FST Technology Overview

Status and future of Xerox and other FST tools

Presently the Giella infrastructure supports three fst technologies in parallel:

  • Xerox
  • Hfst
  • Foma

Each of them have their strengths and weaknesses, summarised as follows:

Xerox

The standard in all FST work.

Strengths:

  • fast in lookup
  • fast in compiling source code

Weaknesses:

  • no support for weights
  • closed source
  • abandoned by its main developer Lauri Karttunen (he is retired, and his effort to open-source it was blocked by Xerox lawyers)

Source code access

Even though the source code is not released, it is possible to get a license to the source code of the c-fsm library ( documented here) by requesting a license for the XLE page. Information and relevant links can be found at the bottom of the project page.

Hfst

A source-code compatible clone of the Xerox tools, based on OpenFST, but with multiple backends (Foma, SFST, OpenFST).

Strengths:

  • replicates 99% of the functionality of the Xerox tools
  • is actively maintained
  • is almost as fast in lookup as Xerox when using the optimised lookup format
  • supports weighted fst's
  • open source

Weaknesses:

  • is slow in compiling fst's compared to Xerox

Foma

A source-code and command interface compatible clone of the Xerox xfst tool, developed and maintained by Måns Huldén.

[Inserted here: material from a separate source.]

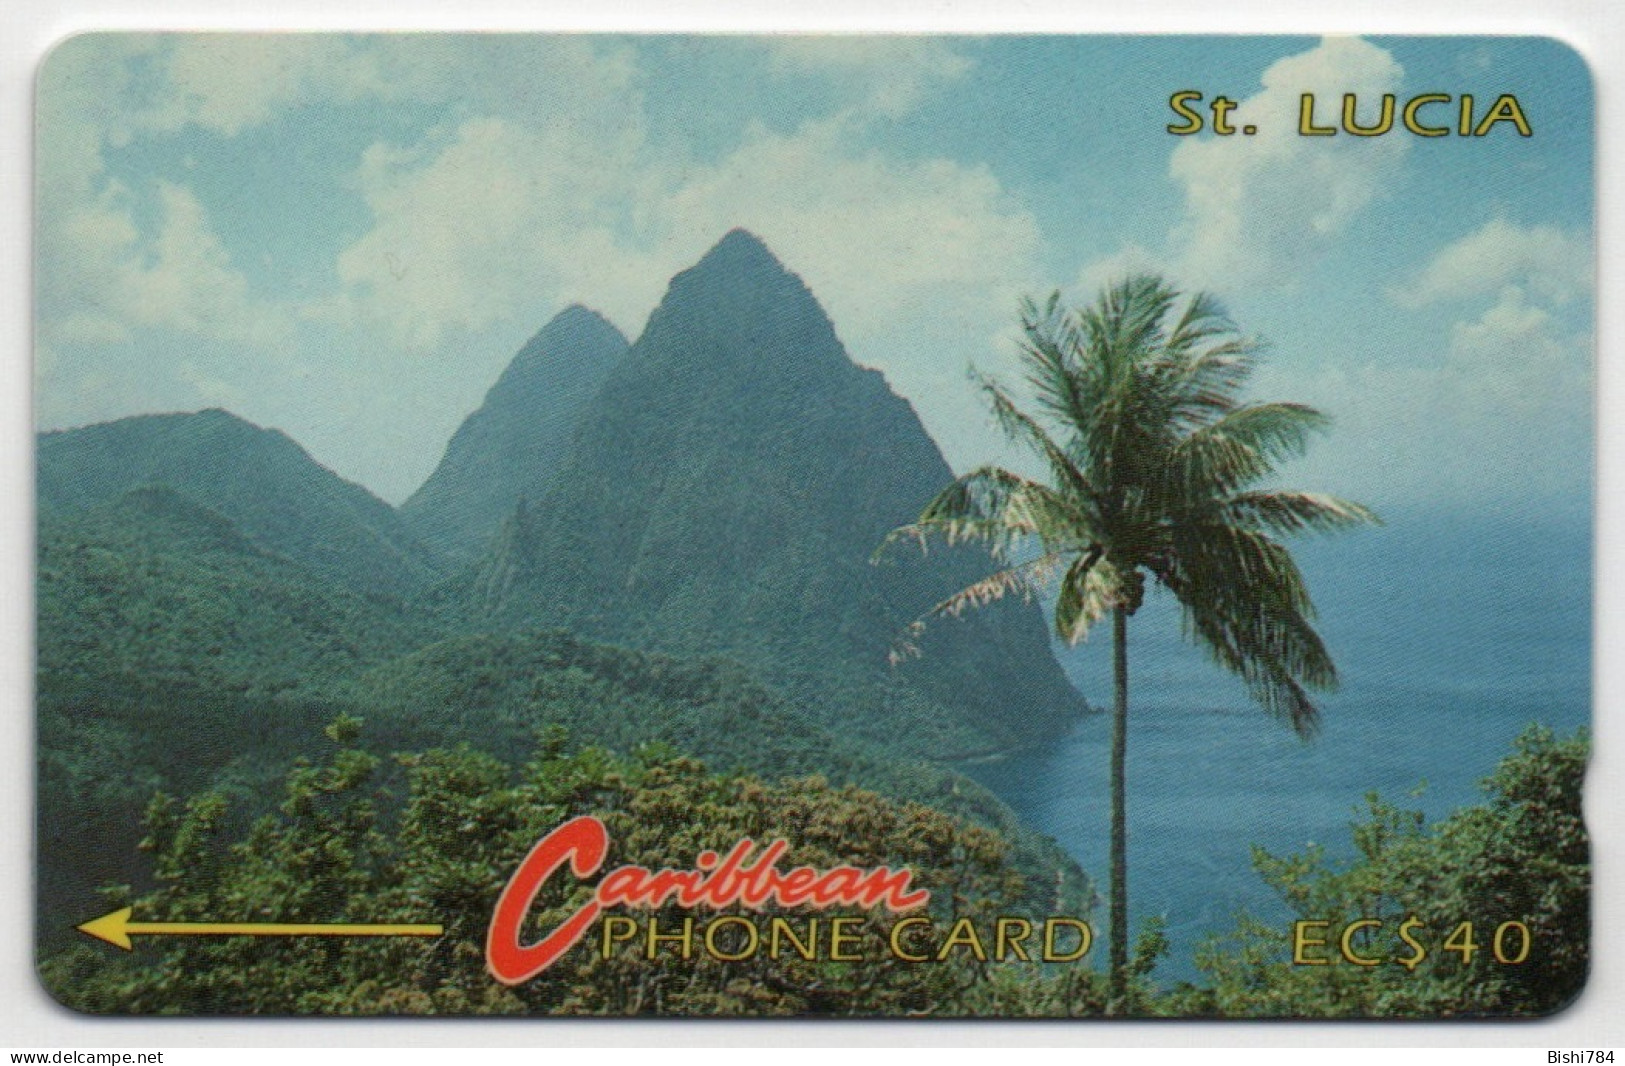 St. Lucia - Pitons - 3CSLC (Short, Italic Font With Curved 3) - Saint Lucia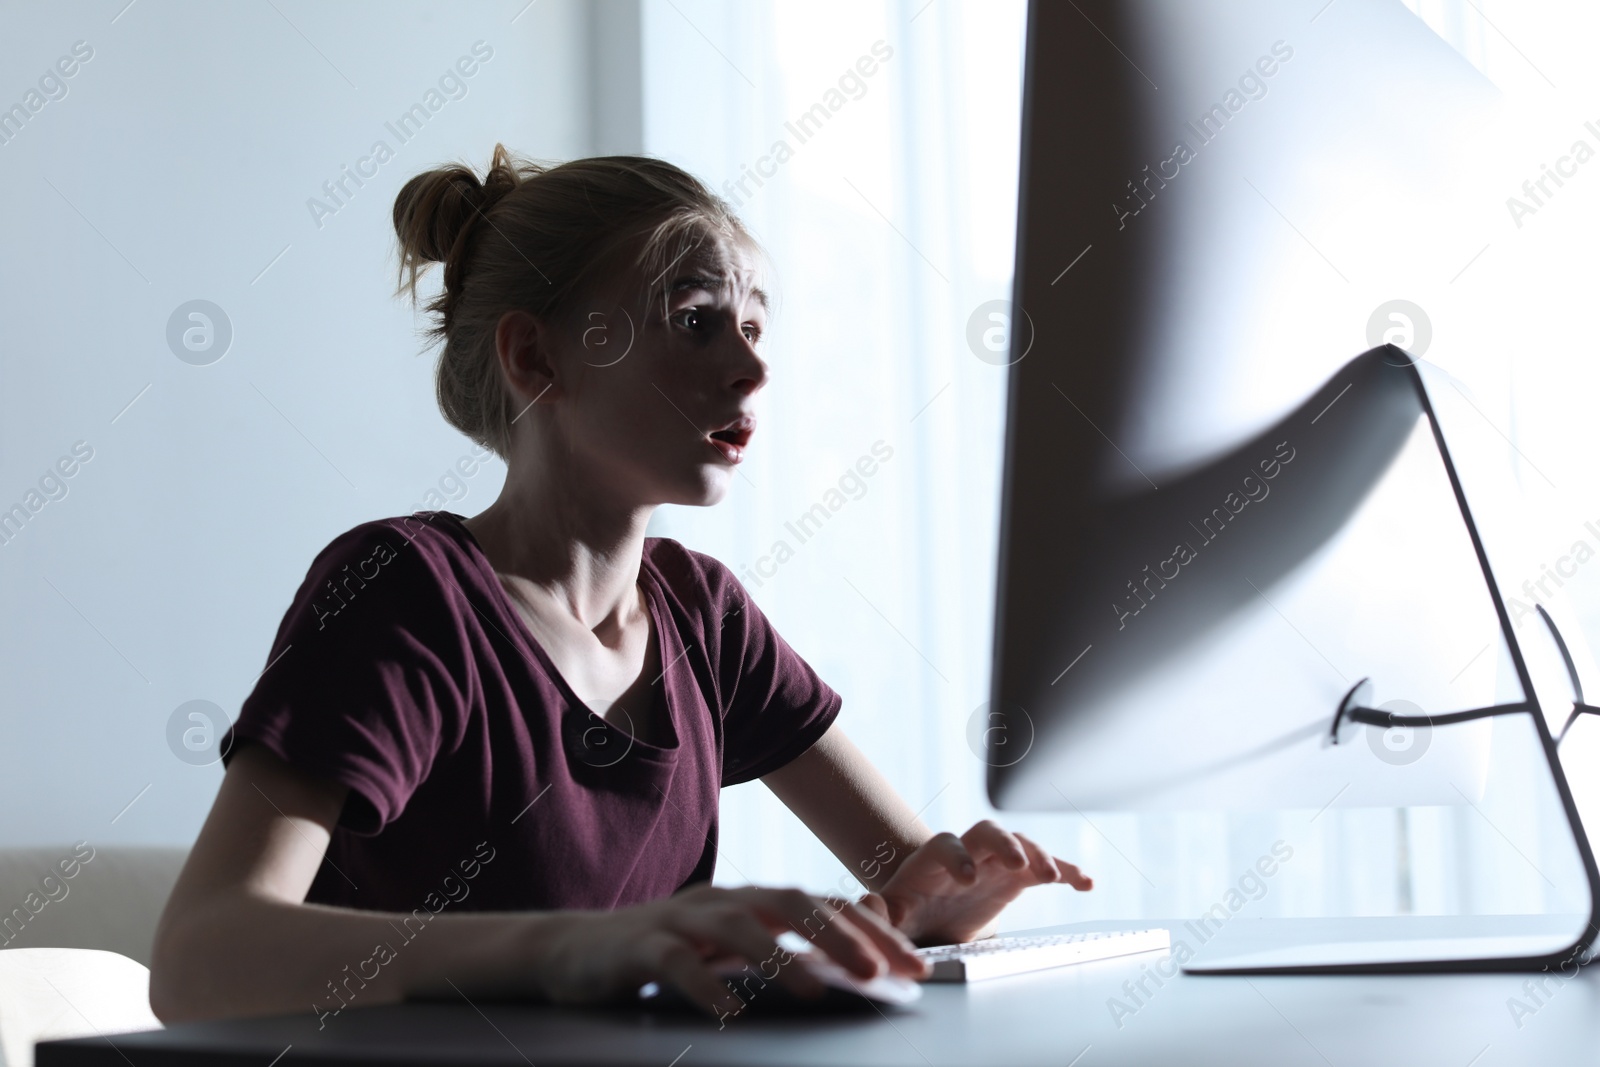 Photo of Shocked teenage girl using computer at table indoors. Danger of internet

Is open source.

Strengths:

  • fast in lookup
  • fast in compiling source code
  • actively maintained

Weaknesses:

  • no support for twolc
  • limited support for weighted fst's

How to cope with this...

... ie the lack of future for Xerox, the lack of twolc in Foma and the lack of speed in Hfst.

Today's dual strategy

  • use the fast xfst for developing and for some applications
  • use the slow hfst for all applications demanding open source and/or weighting

The future

... is dependent upon

  • whether hfst will become faster
  • whether foma will include support for twolc
  • whether it will be possible to license some version of c-fst that will produce the command line tools we need

In the short run, we can continue as we do now.